◆ Your goal
Please restate exactly the lines from the one holding "Vista de la" to the end of the material, including both ends and excluding every picture.

◆ Data segment

==========

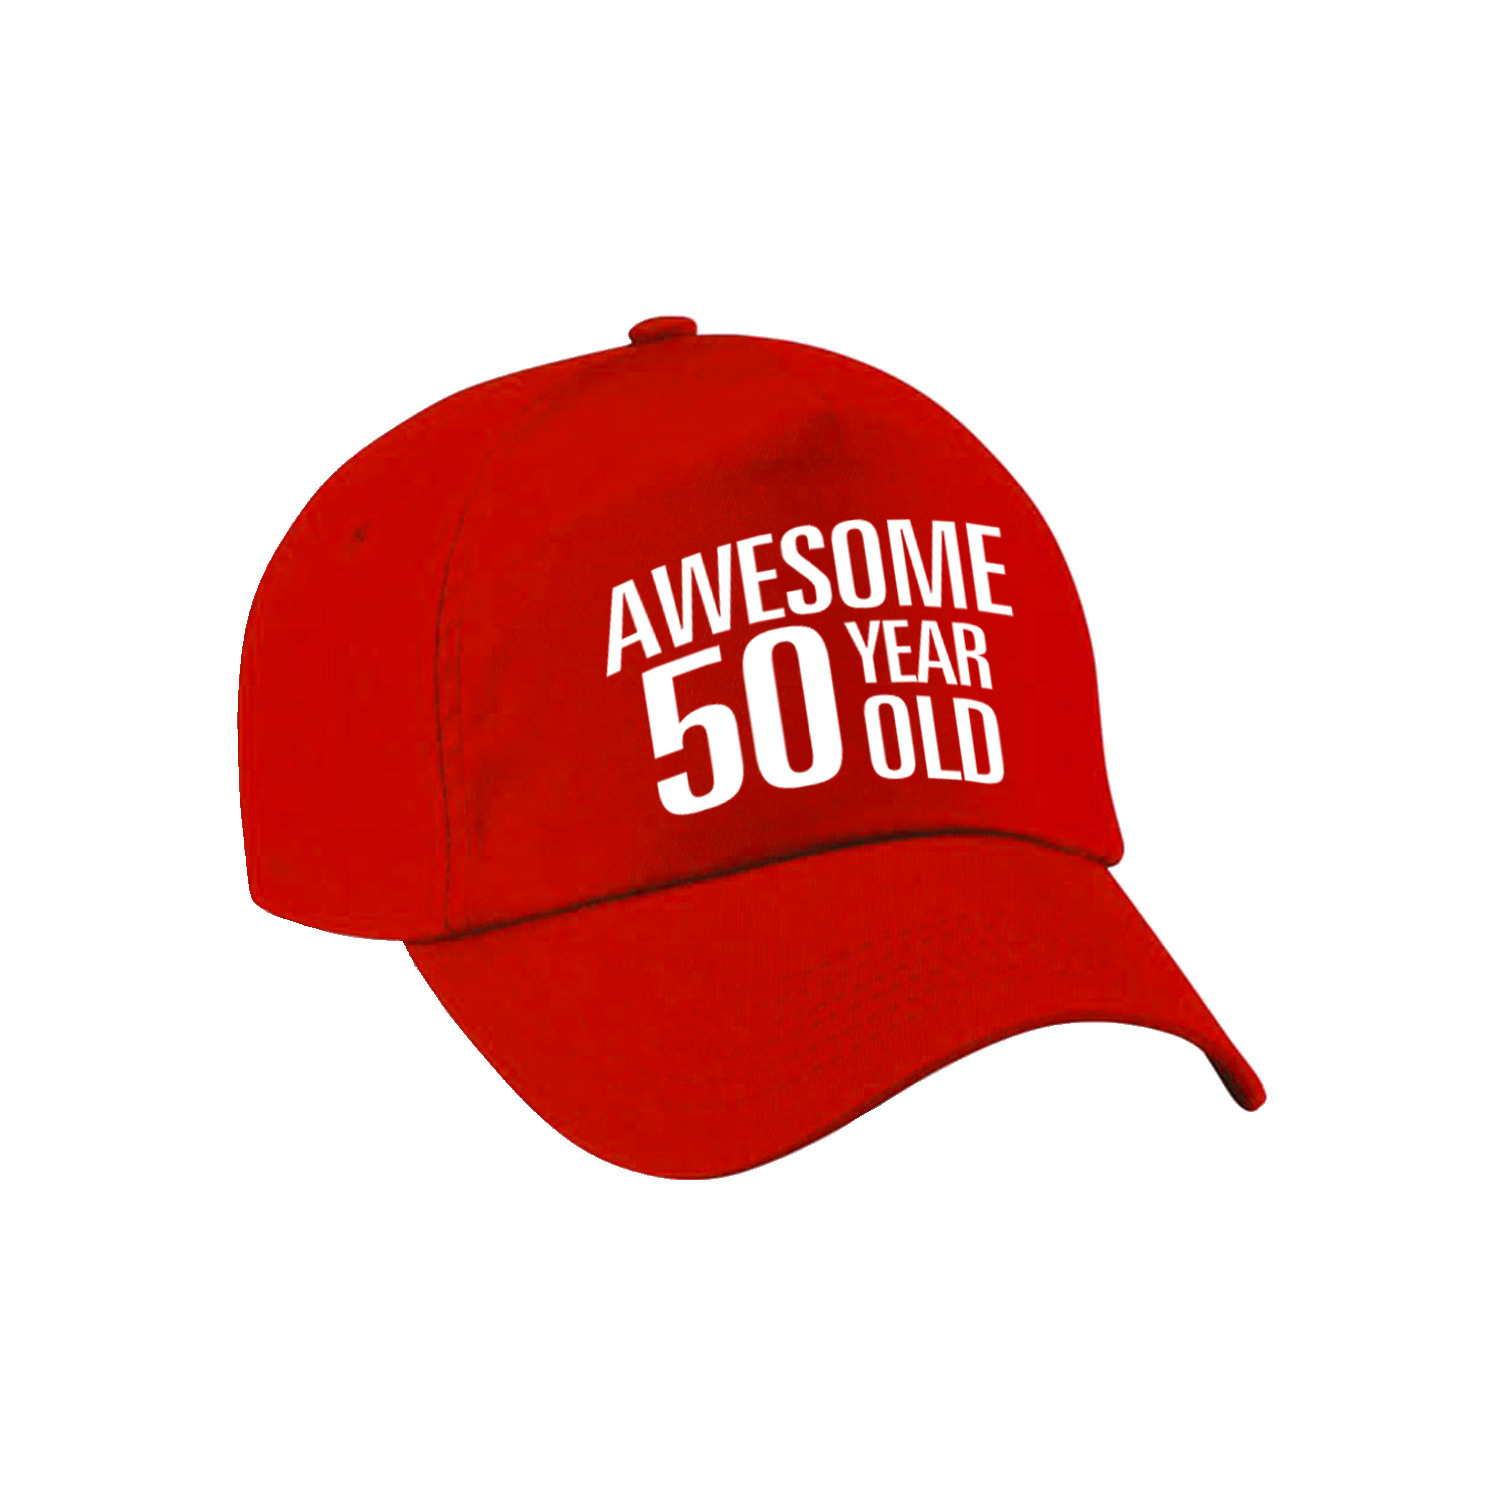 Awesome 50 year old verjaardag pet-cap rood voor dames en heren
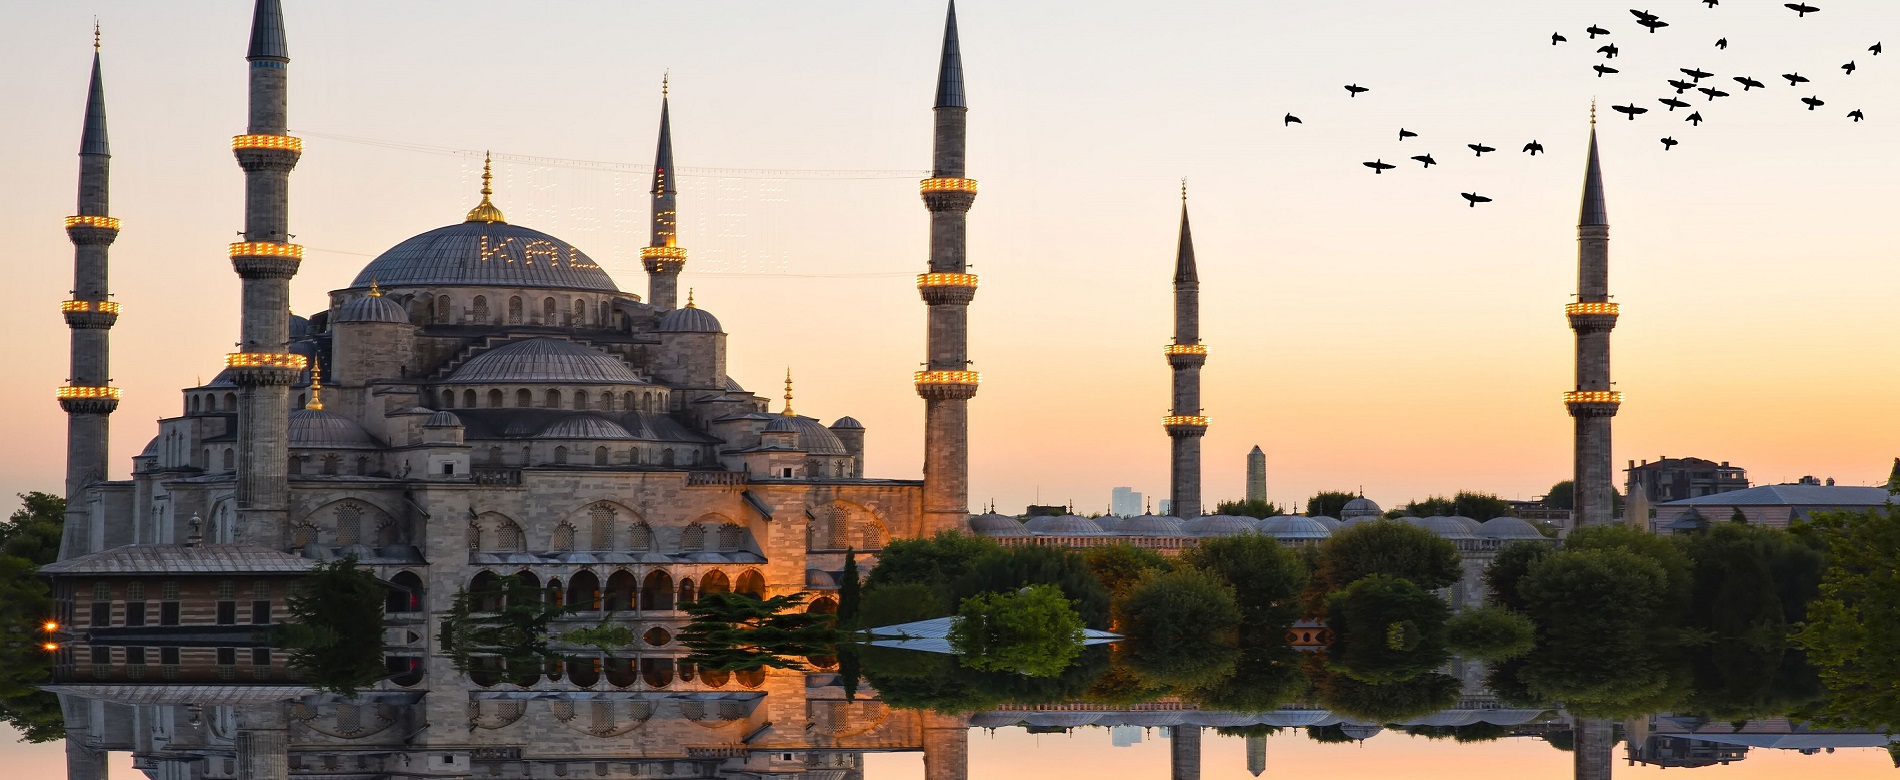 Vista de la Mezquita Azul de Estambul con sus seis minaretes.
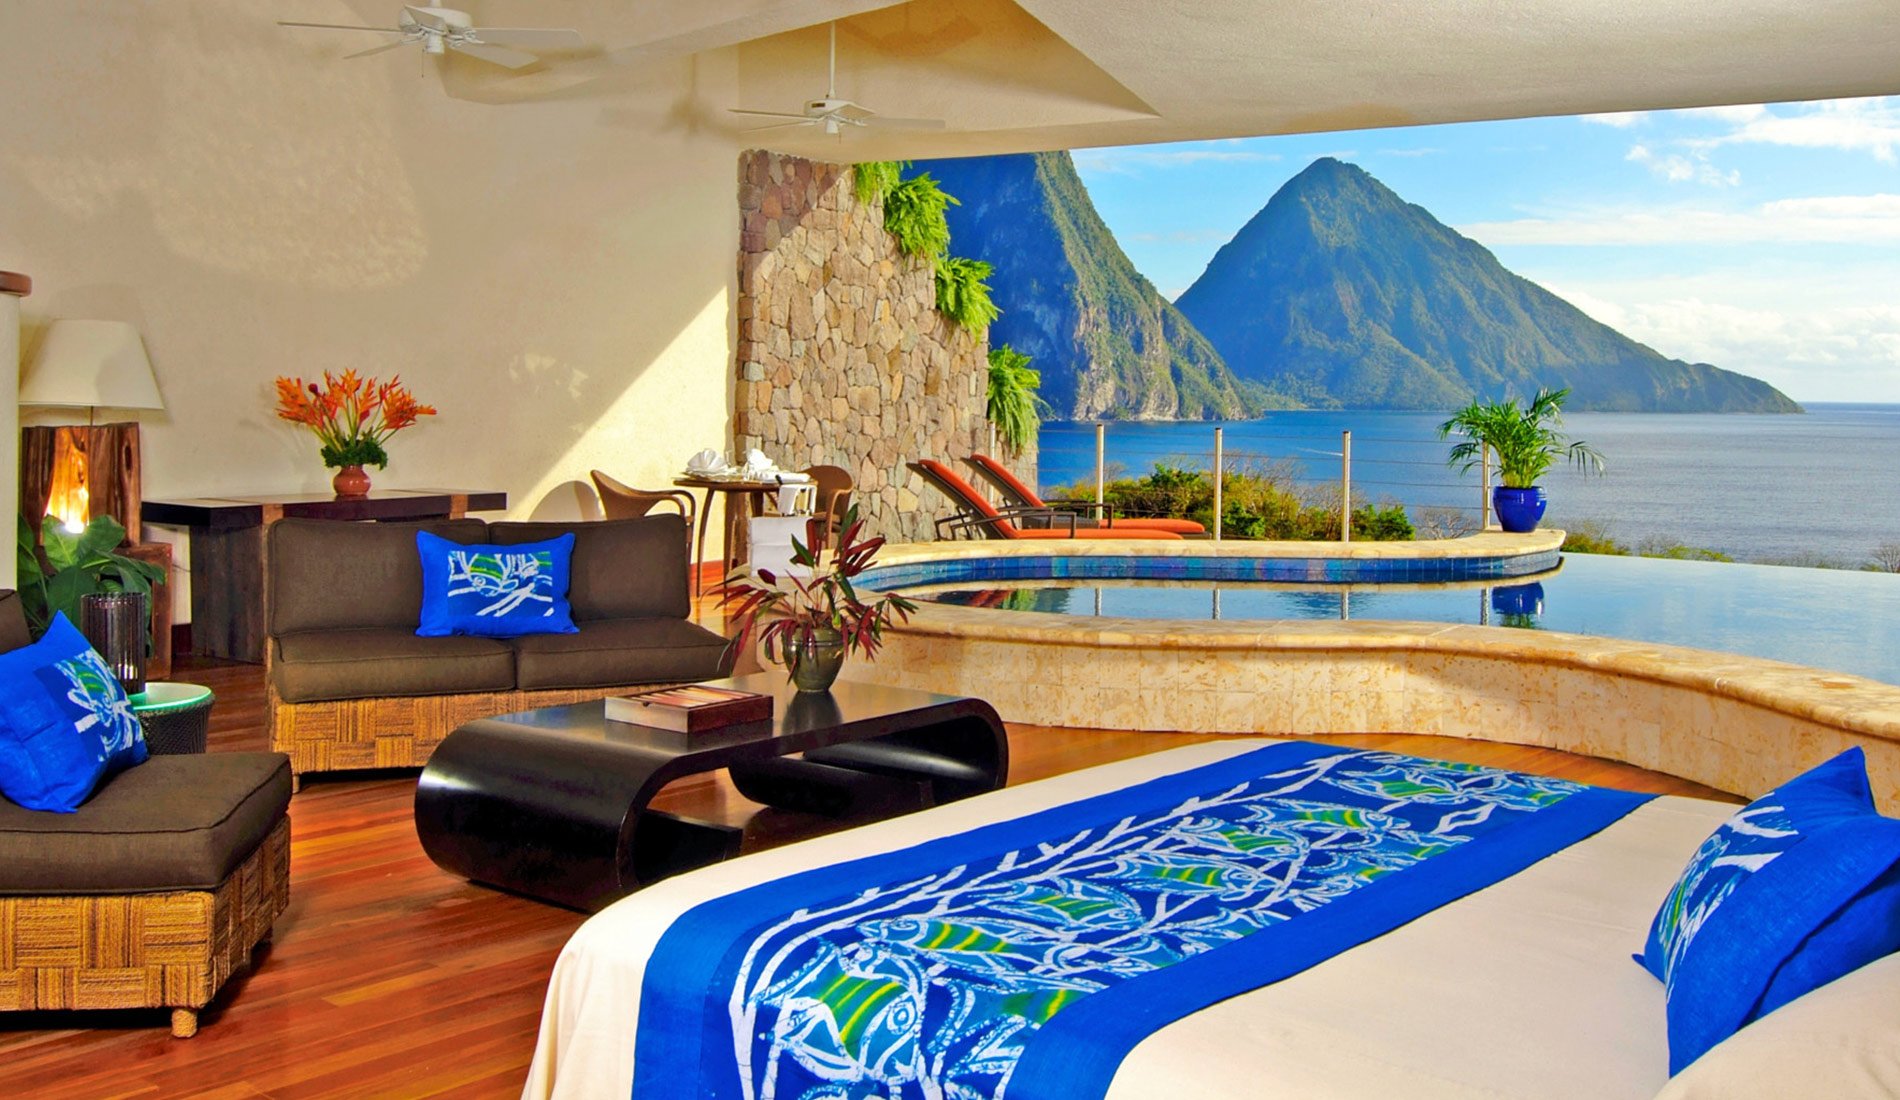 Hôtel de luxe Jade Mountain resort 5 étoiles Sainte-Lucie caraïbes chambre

==========

◆ Problem solution
 Vista de la Mezquita Azul de Estambul con sus seis minaretes.
 Hôtel de luxe Jade Mountain resort 5 étoiles Sainte-Lucie caraïbes chambre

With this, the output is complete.